Activity =
Nothing but the lines from the one including "El secretario general" through the last line of the entries, restated exactly, should appear in the answer; omit the pictures.

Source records
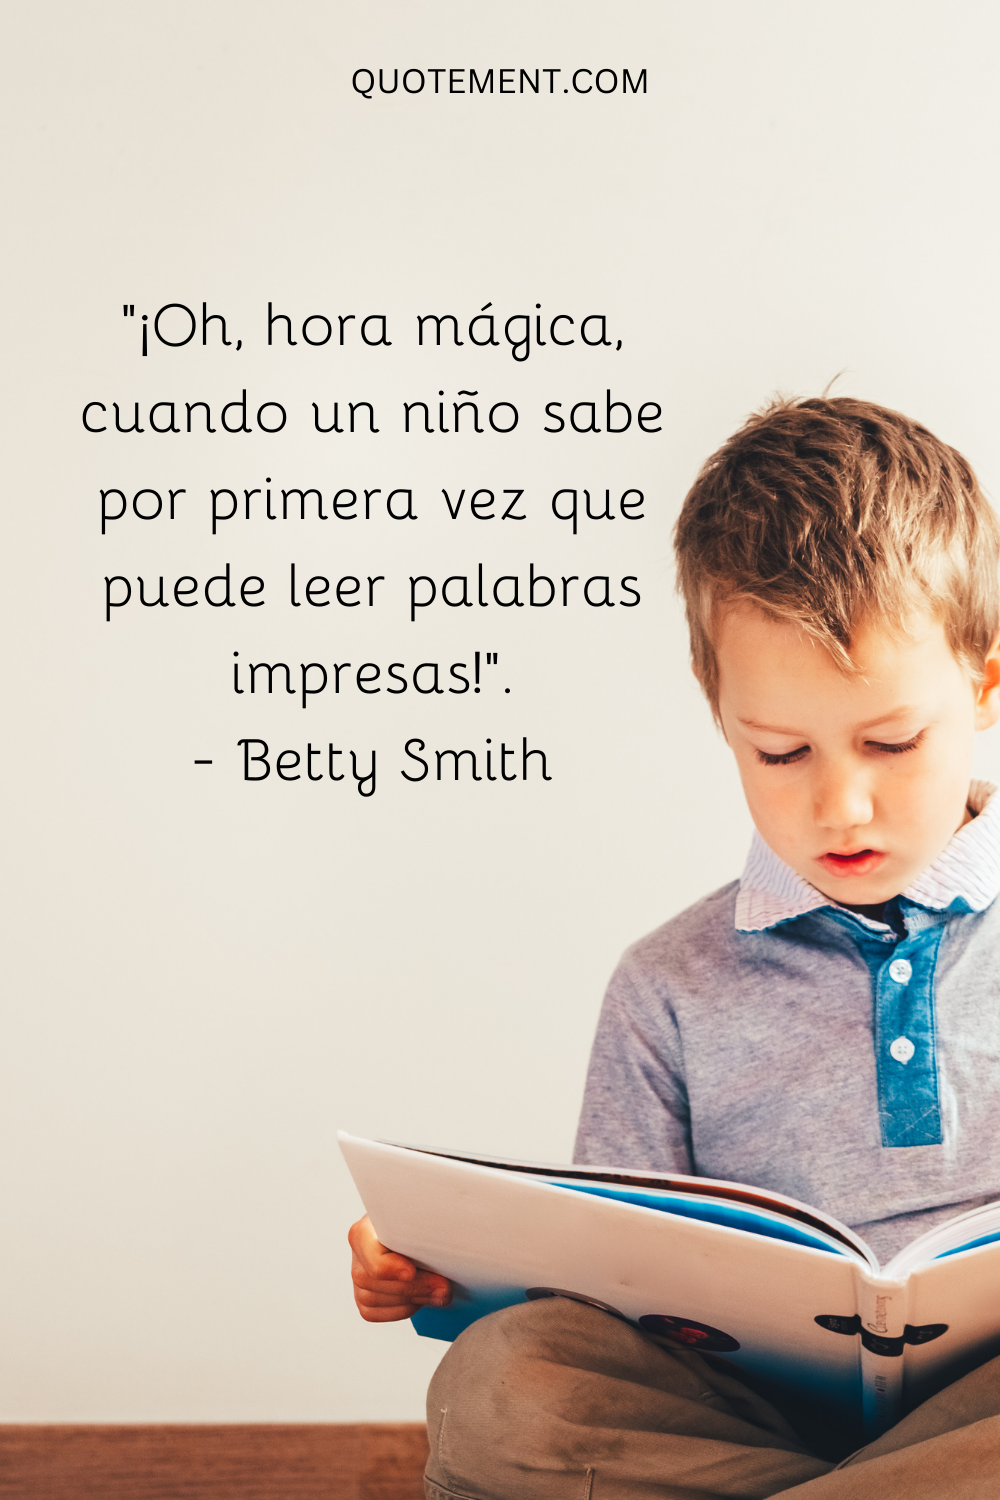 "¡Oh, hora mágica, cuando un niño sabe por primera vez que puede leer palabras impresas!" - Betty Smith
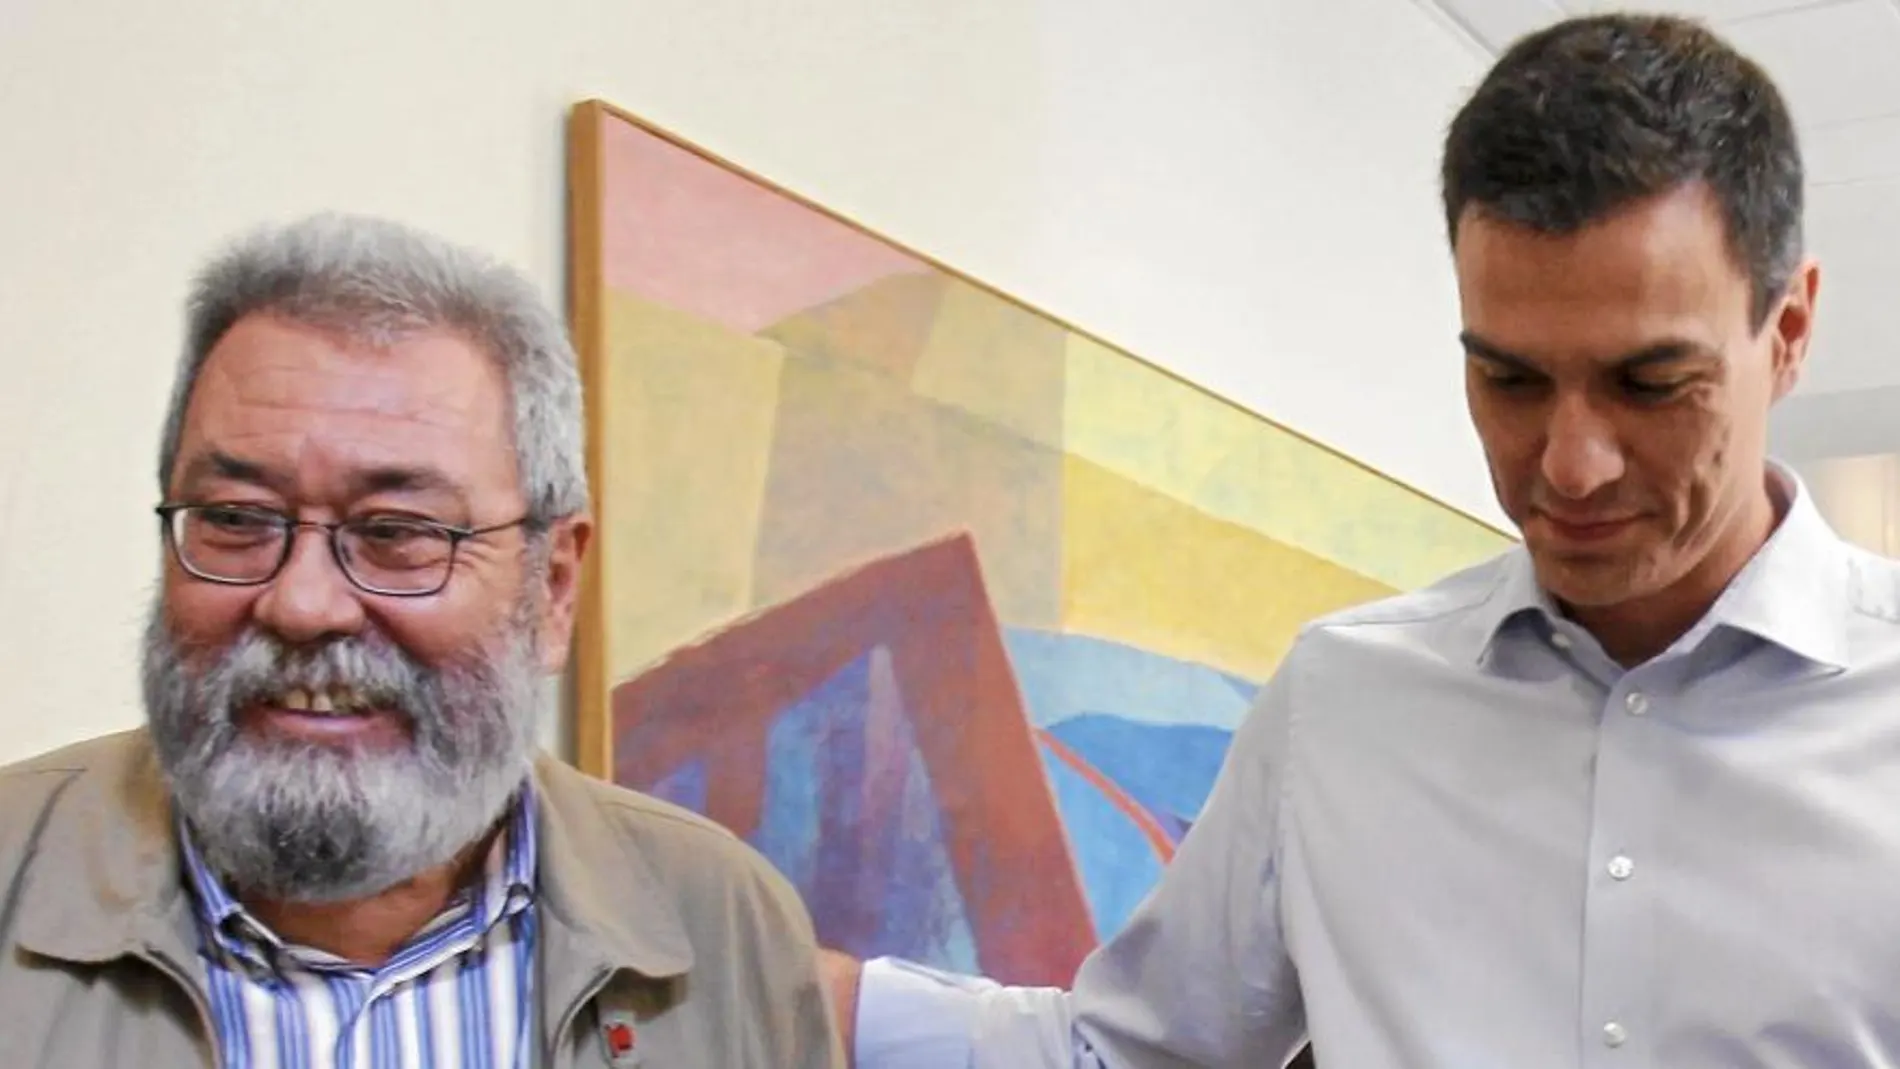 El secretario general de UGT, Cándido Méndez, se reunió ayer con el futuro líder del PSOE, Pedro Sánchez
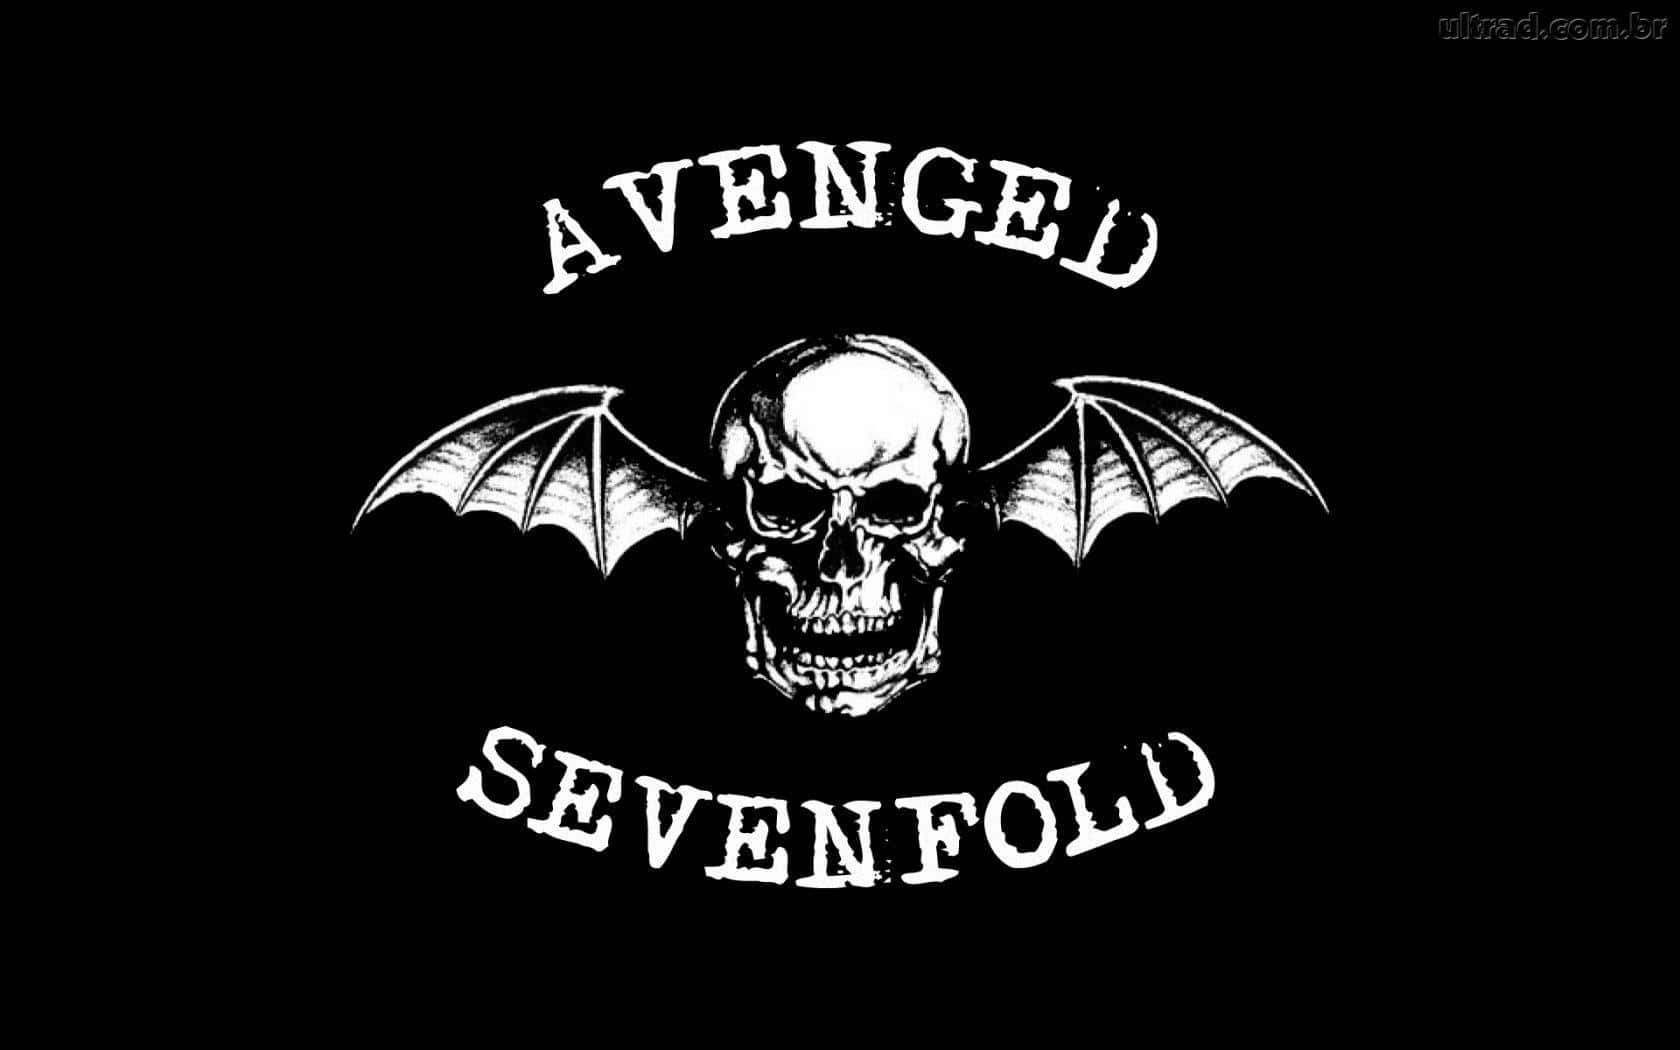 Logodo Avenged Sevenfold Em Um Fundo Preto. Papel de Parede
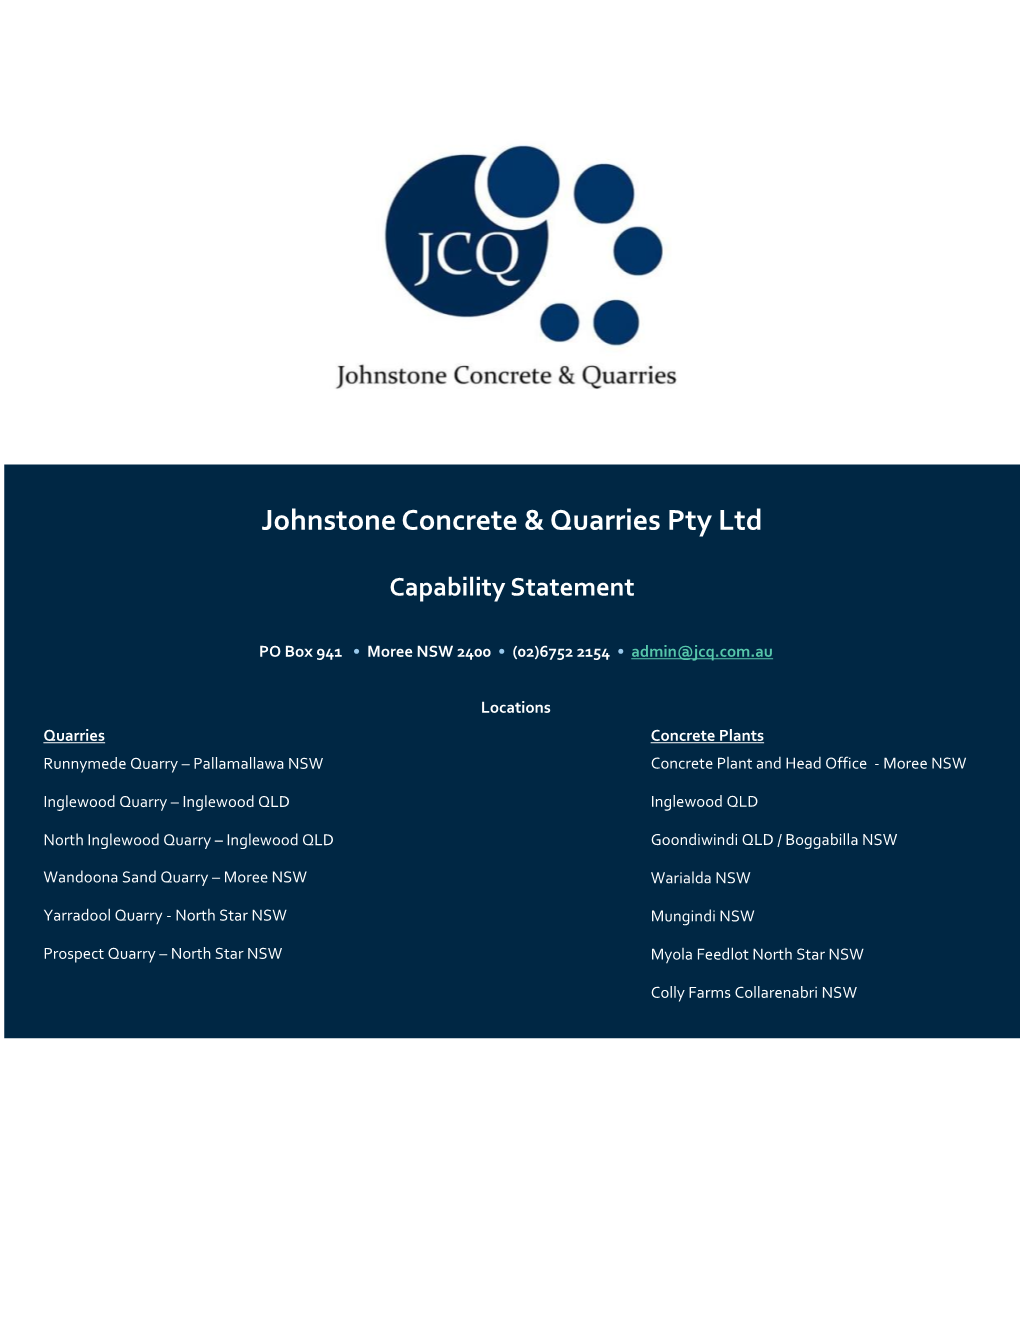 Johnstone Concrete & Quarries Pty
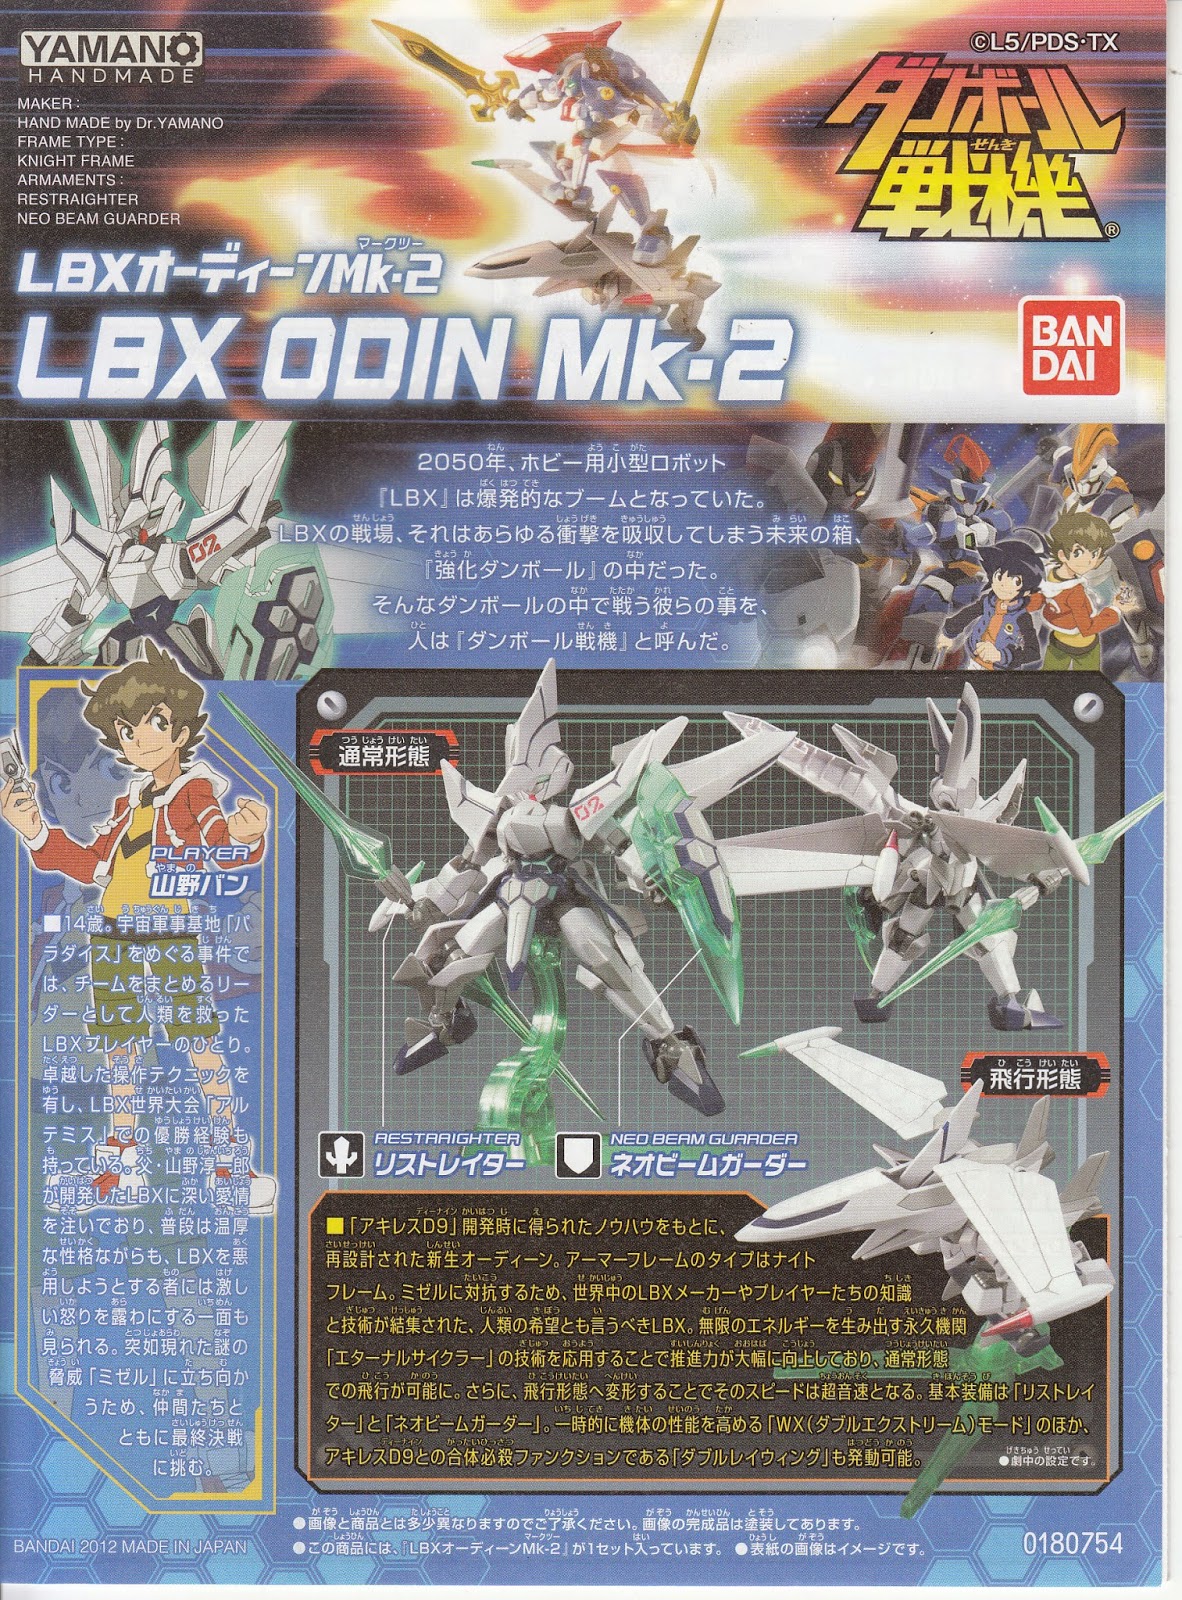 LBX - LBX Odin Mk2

Solution below =
 El secretario general de UGT, Cándido Méndez, se reunió ayer con el futuro líder del PSOE, Pedro Sánchez
 Logodo Avenged Sevenfold Em Um Fundo Preto. Papel de Parede
 Johnstone Concrete & Quarries Pty
 LBX - LBX Odin Mk2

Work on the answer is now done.